Onnx does its unique operation on the model.
We can find that this is a dynamic graph which contains if branch structure because of the squeeze operator.
ONNX thinks this model is valid.
However, When I used relay to convert the model, I met shape mismatch error. The correct shape should be Tensor[(13, 1, 1, 1), float32] but TVM got Tensor[(13, 13, 1, 1), float32].

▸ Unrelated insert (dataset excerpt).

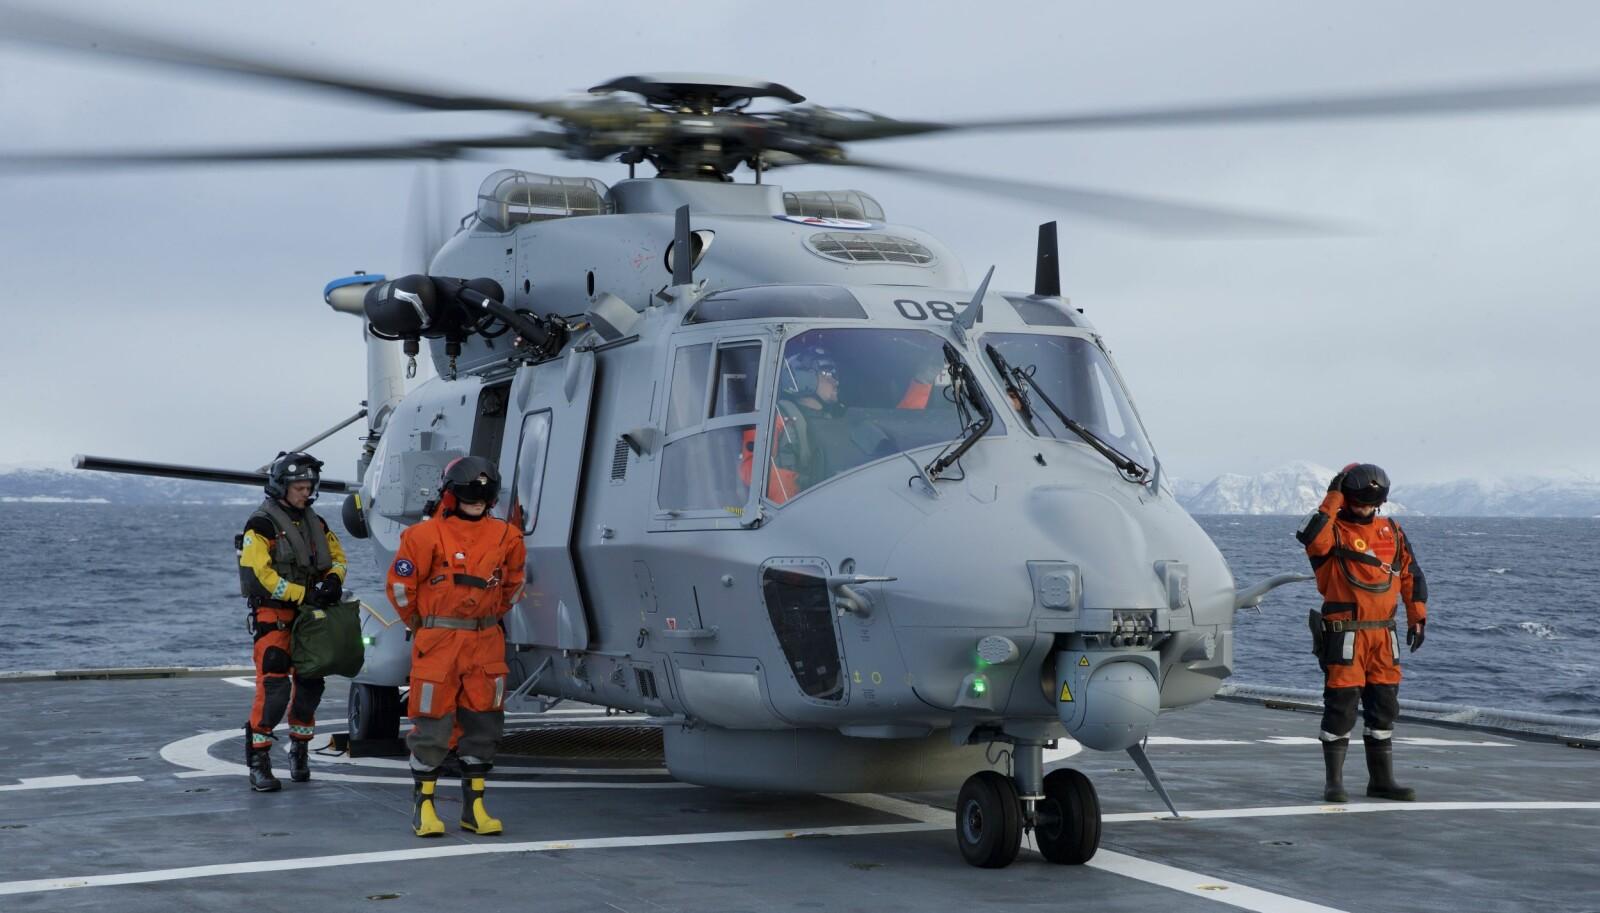 NH-90: Maud har plass til to helikoptre av typen NH-90. Bildet viser et NH-90 helikopter som lander på kystvaktfartøyet KV Senja. NH-90 er et fregatt- og kystvakthelikopter, men p.t. har det for Norges del vært et skandalehelikopter. Riksrevisjonen har kritisert anskaffelsen i kraftige ordelag på grunn av forsinkelser og kostnadsoverskridelser. Det er også satt flere spørsmålstegn ved helikopterets evne til å fylle rollen som det er tiltenkt.
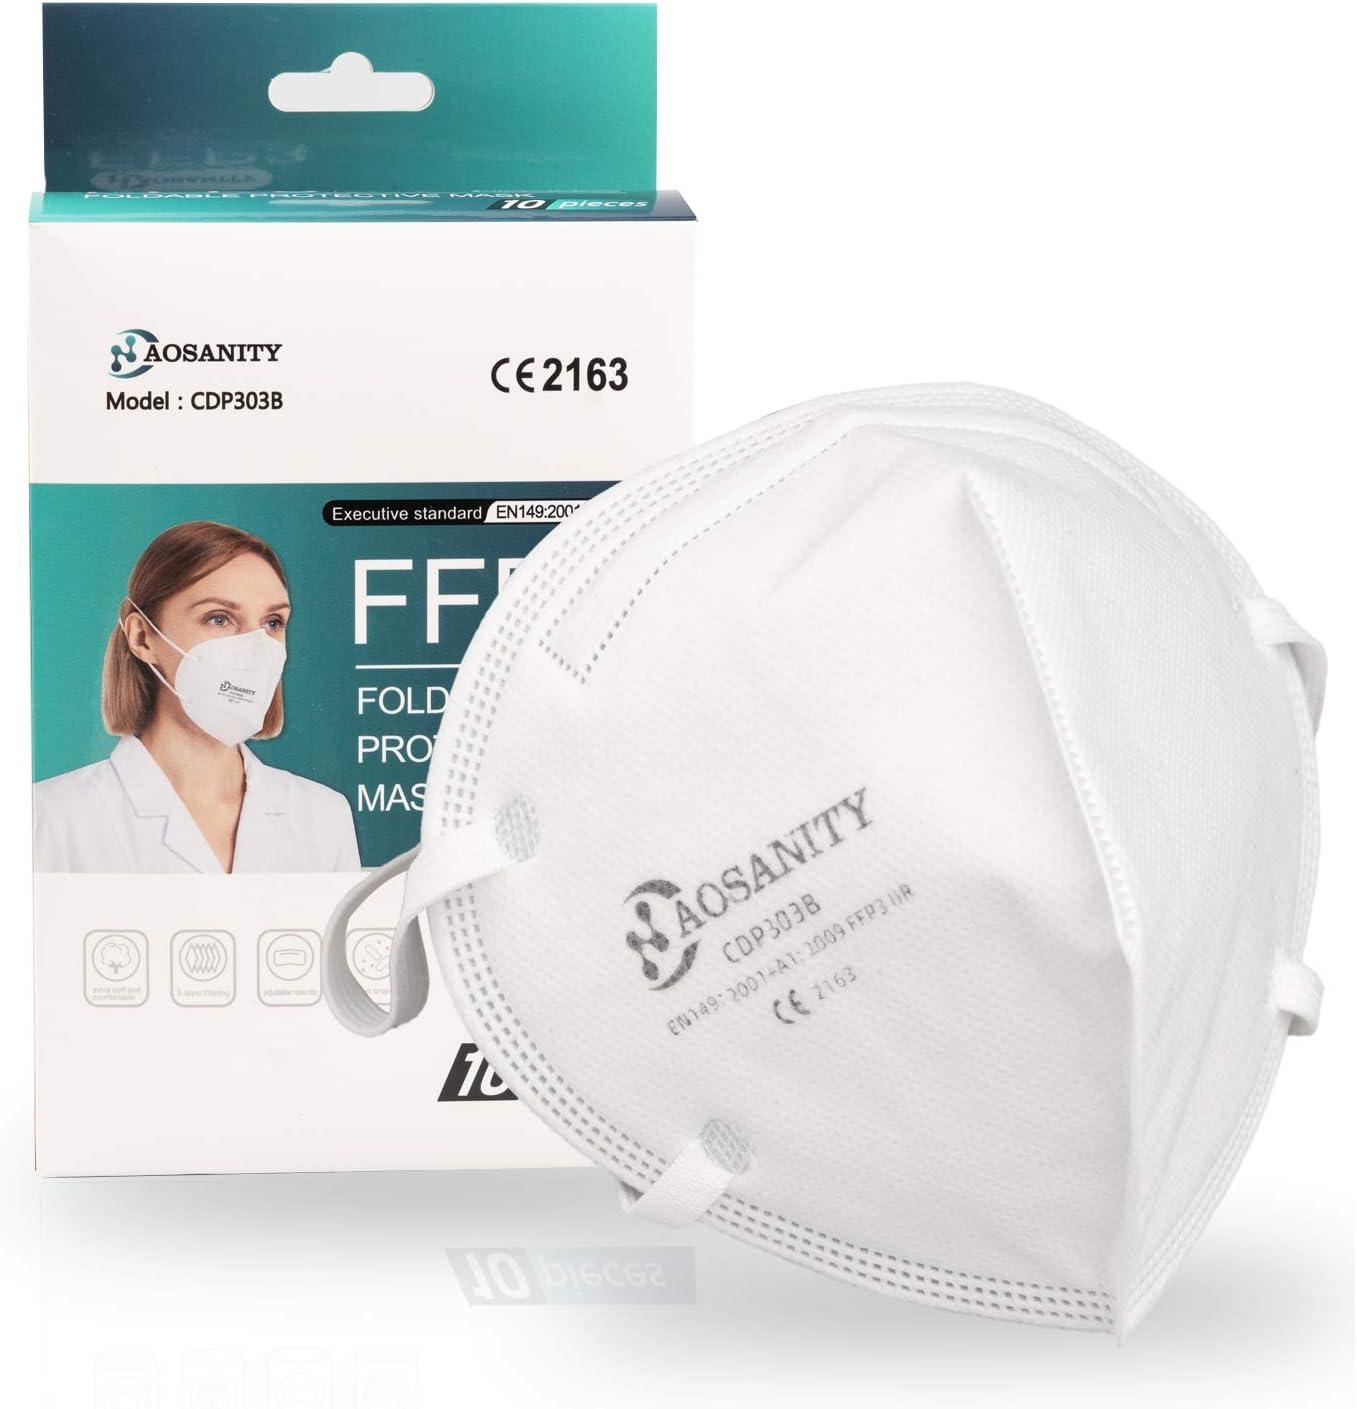 FFP3 mascarilla de protección de la Salud mascarilla Protectora mascarilla, mascarilla de protección respiratoria de 4 Capas, mascarilla para Adultos protección Facial Boca-Nariz con Tela

(I think maybe) TVM has some bugs in the DynamicToStatic :(
Code
import onnx
import torch
import torch.nn as nn
import torch.onnx
from tvm import relay, relax
def get_onnx_shape(onnx_model):
input_shapes = {}
for input in onnx_model.graph.input:
shape = []
for dim in input.type.tensor_type.shape.dim:
if dim.dim_value > 0:
shape.append(dim.dim_value)
else:
shape.append(1)
input_shapes[input.name] = shape
return input_shapes
class Model(nn.Module):
def __init__(self):
super(Model, self).__init__()
self.pad = nn.ReflectionPad3d((0, 0, -43, 0, 0, -46))
def forward(self, x):
x = self.pad(x)
x = torch.squeeze(x, dim=1)
return x
model = Model()
input_tensor = torch.randn(13, 47, 44, 1)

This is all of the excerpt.